Nash, who is also an accomplished photographer and collector of photographs, associated the song's message with a famous 1962 photo by Diane Arbus, Child with Toy Hand Grenade in Central Park, shortly after writing the song. The image, which depicts a child with an angry expression holding the toy weapon, prompted Nash to reflect on the societal implications of messages given to children about war and other issues.
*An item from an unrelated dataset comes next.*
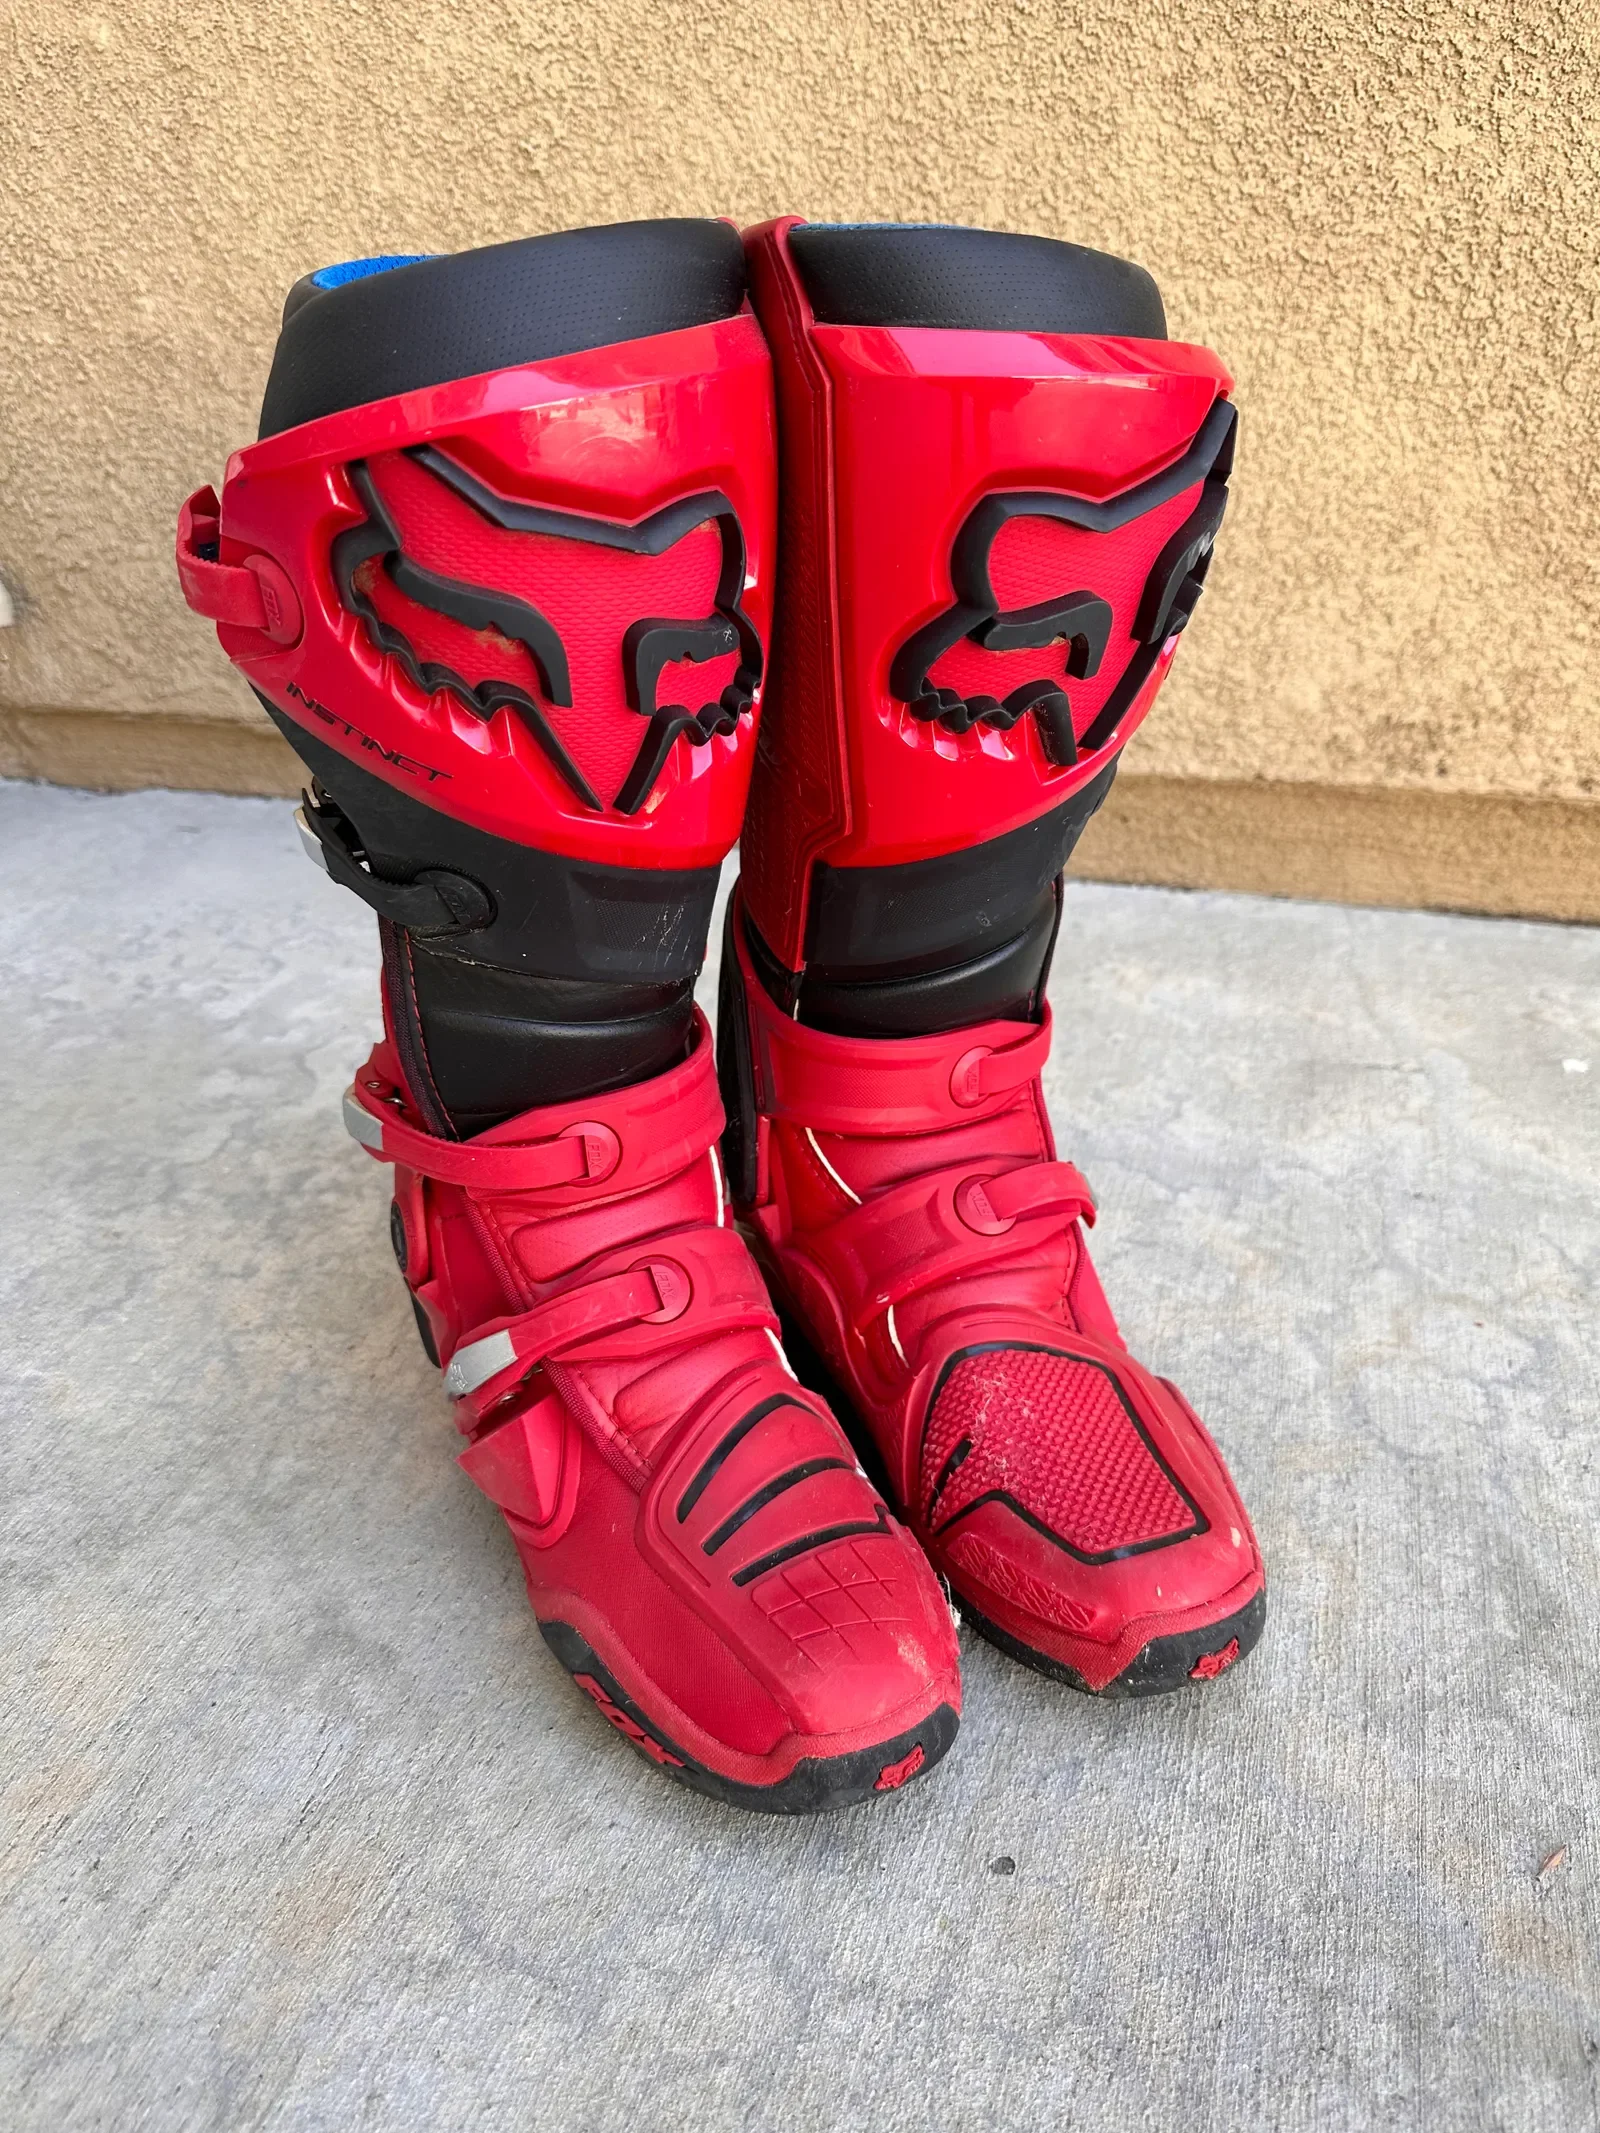 Fox Instinct boots - Size 10 - Blk/red

The recording features Jerry Garcia on pedal steel guitar. Garcia taught himself how to play the instrument during his tenure with the New Riders of the Purple Sage. He told Lon Goddard of the British music newspaper Record Mirror in an interview that he recorded a series of pieces on the steel guitar and spliced them together in the studio to create the backing and solo. Garcia had made a deal that in return for his playing steel guitar on "Teach Your Children," CSNY would help members of the Grateful Dead improve their vocal harmony for their upcoming albums, Workingman's Dead and American Beauty. In June 2026, CBS News included the song in its list of the 250 essential American songs of the past 250 years.

==Personnel==

===CSN===

- Graham Nash – lead vocals, harmony vocals, acoustic rhythm guitar, percussion
- David Crosby – harmony vocals
- Stephen Stills – harmony vocals, acoustic rhythm guitar, bass guitar

===Additional Personnel===

- Jerry Garcia – pedal steel guitar
- Dallas Taylor – drums, tambourine, percussion

==Chart history==

===Weekly charts (1970)===

| Chart (1970) | Peak position |
|---|---|
| Australia KMR | 11 |
| Canada RPM Top Singles | 8 |
| Netherlands (Single Top 100) | 7 |
| New Zealand (Listener) | 19 |
| U.S. Billboard Hot 100 | 16 |
| U.S. Billboard Adult Contemporary | 28 |
| U.S. Cash Box Top 100 | 16 |
| U.S. Record World Top 100 | 16 |

===Year-end charts (1970)===

| Chart (1970) | Rank |
|---|---|
| Australia | 81 |
| Canada | 95 |
| Netherlands | 68 |
| U.S. (Joel Whitburn's Pop Annual) | 129 |

==="The Red Hots" (1994)===
In 1994, Crosby, Stills & Nash re-recorded the song with guest vocals from country music artists Suzy Bogguss, Alison Krauss and Kathy Mattea, crediting the recording to "The Red Hots". This version was included on the album Red Hot + Country, a release by the Red Hot Organization benefiting AIDS awareness. The Red Hots' version of the song spent one week on the Hot Country Songs chart in October 1994, at No. 75.

==Certifications==

| Region | Certification | Certified units/sales |
| New Zealand (RMNZ) | Gold | 15,000^{‡} |
^{‡} Sales+streaming figures based on certification alone.

==In popular culture==
- In 1971, "Teach Your Children" was the final song in the movie Melody.
- In 1979, the song was featured in the WKRP in Cincinnati episode "I Want to Keep My Baby".
- In 1984, Democratic candidate Walter Mondale used the song in a presidential campaign commercial on arms control.
- In 1985, the song was used with modified lyrics in a TV commercial promoting schools' use of the Apple II family of personal computers.
- In 1991, the song was featured in The Wonder Years episode "Road Trip".
- In the 1993 The Simpsons episode "Marge in Chains", David Crosby makes a cameo as Lionel Hutz's 12-step sponsor, who tells him "Just take it one day at a time, and know that I love you.", paraphrasing the song's lyrics.
- In 2004, the song was featured in the Six Feet Under episode "Falling Into Place".
- In 2006, it was sung by Steve Carell and Rainn Wilson on The Office episode "Take Your Daughter to Work Day".
- In 2015, the song was covered by Matthew Morrison during the series finale episode of Glee, "Dreams Come True".
- In 2018, the song was used frequently in The X-Files episode "Rm9sbG93ZXJz".
- In 2023, the song was covered by MonaLisa Twins on their album The Duo Sessions II.
- In 2025, Nash performed the song alongside Dawes and Stephen Stills at Kia Forum in Inglewood, California for FireAid to help with relief efforts for the January 2025 Southern California wildfires.